Myo-inositol begins working within one week, restores ovulation, induces weight loss
Of the 92 patients randomized, 47 received 400 mcg folic acid as placebo, and 45 received myo-inositol plus folic acid (4 g myo-inositol plus 400 mcg folic acid). The ovulation frequency assessed by the ratio of luteal phase weeks to observation weeks was significantly higher in the treated group (25%) compared with the placebo (15%), and the time to first ovulation was significantly shorter [24.5 d compared with 40.5 d]. The number of patients failing to ovulate during the placebo-treatment period was higher in the placebo group, and the majority of ovulations were characterized by normal progesterone concentrations in both groups. The effect of myo-inositol on follicular maturation was rapid, because the estrogen circulating concentration increased over the first week of treatment only in the myo-inositol group. A significant increase in circulating high-density lipoprotein was observed only in the myo-inositol-treated group. Metabolic risk factor benefits of myo-inositol treatment were not observed in the morbidly obese subgroup of patients. After 14-wk myo-inositol or placebo therapy, no change in fasting glucose concentrations, fasting insulin, or insulin responses to glucose challenge was recorded. There was an inverse relationship between body mass and treatment efficacy. In fact, a significant weight loss (and leptin reduction) was recorded in the myo-inositol group, whereas the placebo group actually increased weight. These data support a beneficial effect of myo-inositol in women with oligomenorrhea and PCOS in improving ovarian function.
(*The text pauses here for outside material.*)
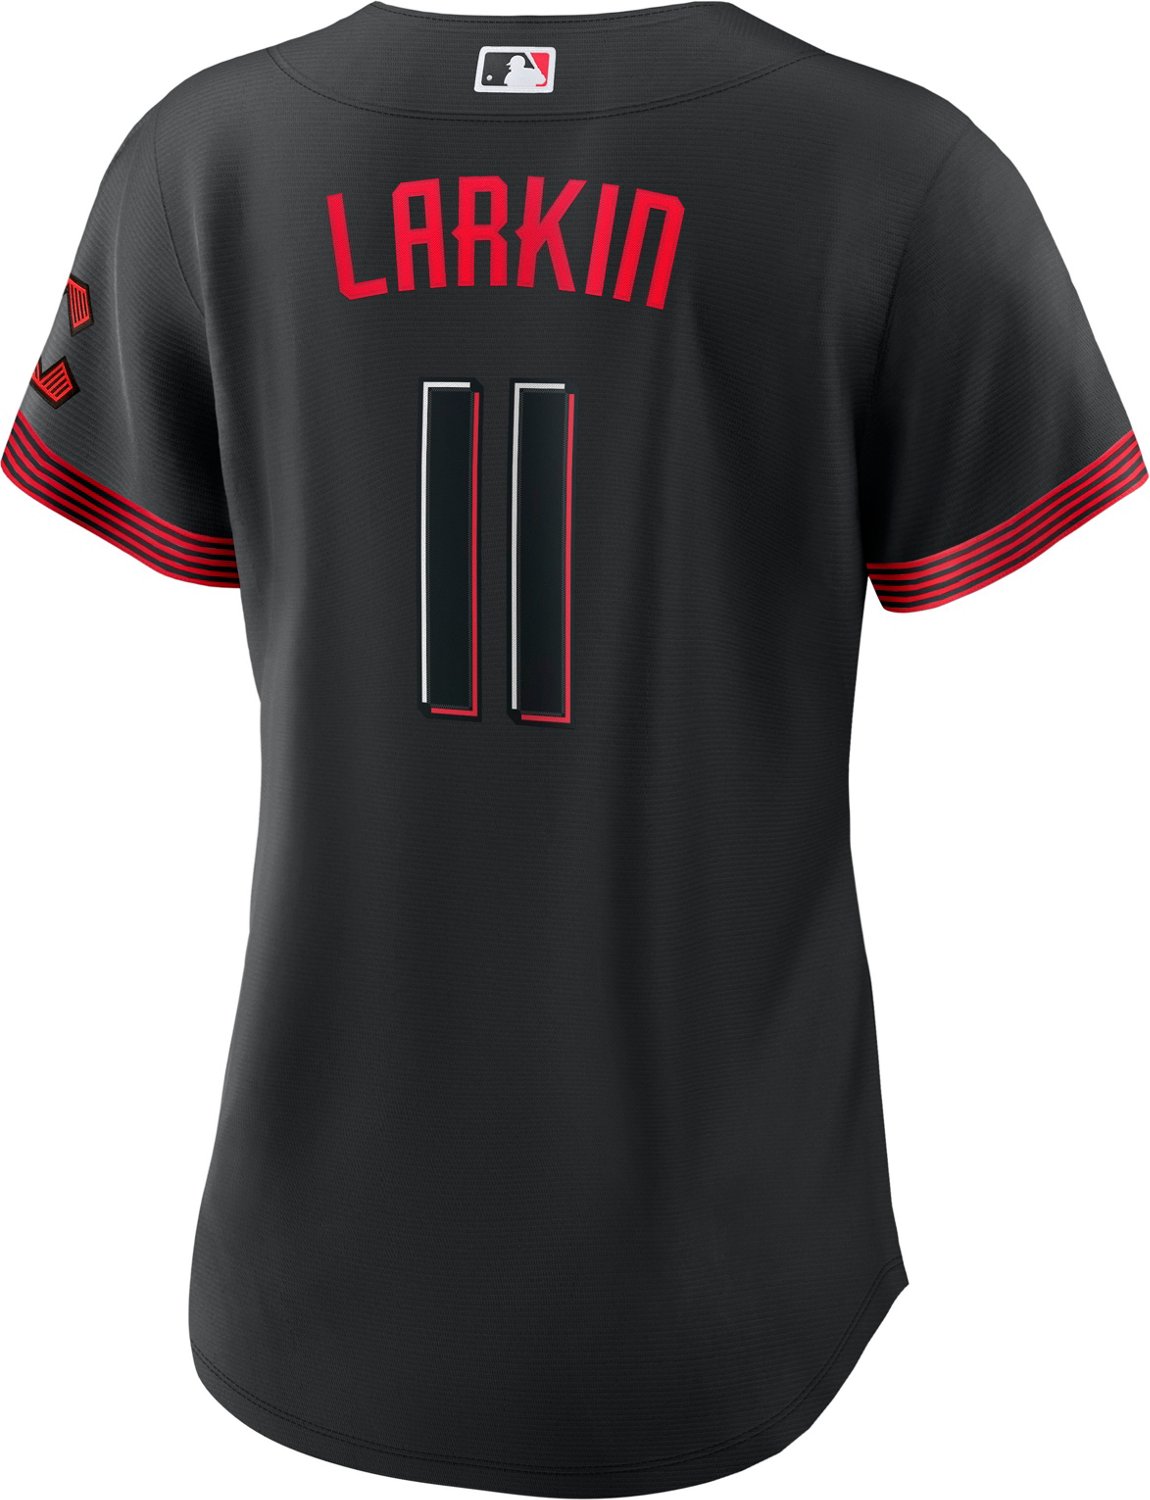 Nike Women's Cincinnati Reds Barry Larkin #11 City Connect Replica

https://www.europeanreview.org/pdf/458.pdf
Myo-inositol lowers testosterone, FSH, LH, cholesterol, and insulin resistance
Forty-six hirsute women were enrolled and evaluated at baseline and after receiving myo-inositol therapy for 6 months. No changes in BMI were observed. The hirsutism decreased after therapy. Total testosterone, FSH and LH concentrations decreased while estrogen concentrations increased. There was a slight non-significant decrease in total cholesterol concentrations, an increase in HDL cholesterol concentrations and a decrease in LDL cholesterol concentrations. No significant changes were observed in serum triglyceride, apolipoprotein B and lipoprotein(a) concentrations. Insulin resistance, analysed by homeostasis model assessment, was reduced significantly after therapy. Administration of oral myo-inositol significantly reduced hirsutism and hyperandrogenism and ameliorated the abnormal metabolic profile of women with hirsutism.
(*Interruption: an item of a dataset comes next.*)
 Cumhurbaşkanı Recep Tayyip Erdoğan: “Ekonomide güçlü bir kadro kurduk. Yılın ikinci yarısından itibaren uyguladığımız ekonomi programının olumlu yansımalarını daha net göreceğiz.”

https://www.ncbi.nlm.nih.gov/pubmed/18854115
Inositol and Insulin Resistance
High insulin associated with low inositol, regardless of PCOS or obesity
Women with or without PCOS, display increased urinary clearance of D-chiro-inositol and decreased area under the curve of D-chiro-inositol-containing inositolphosphoglycan in association with higher insulin levels but independent of adiposity. Increased clearance of inositols might reduce tissue availability of D-chiro-inositol and decrease the release of D-chiro-inositol-containing inositolphosphoglycan mediator, which could contribute to insulin resistance and compensatory hyperinsulinemia.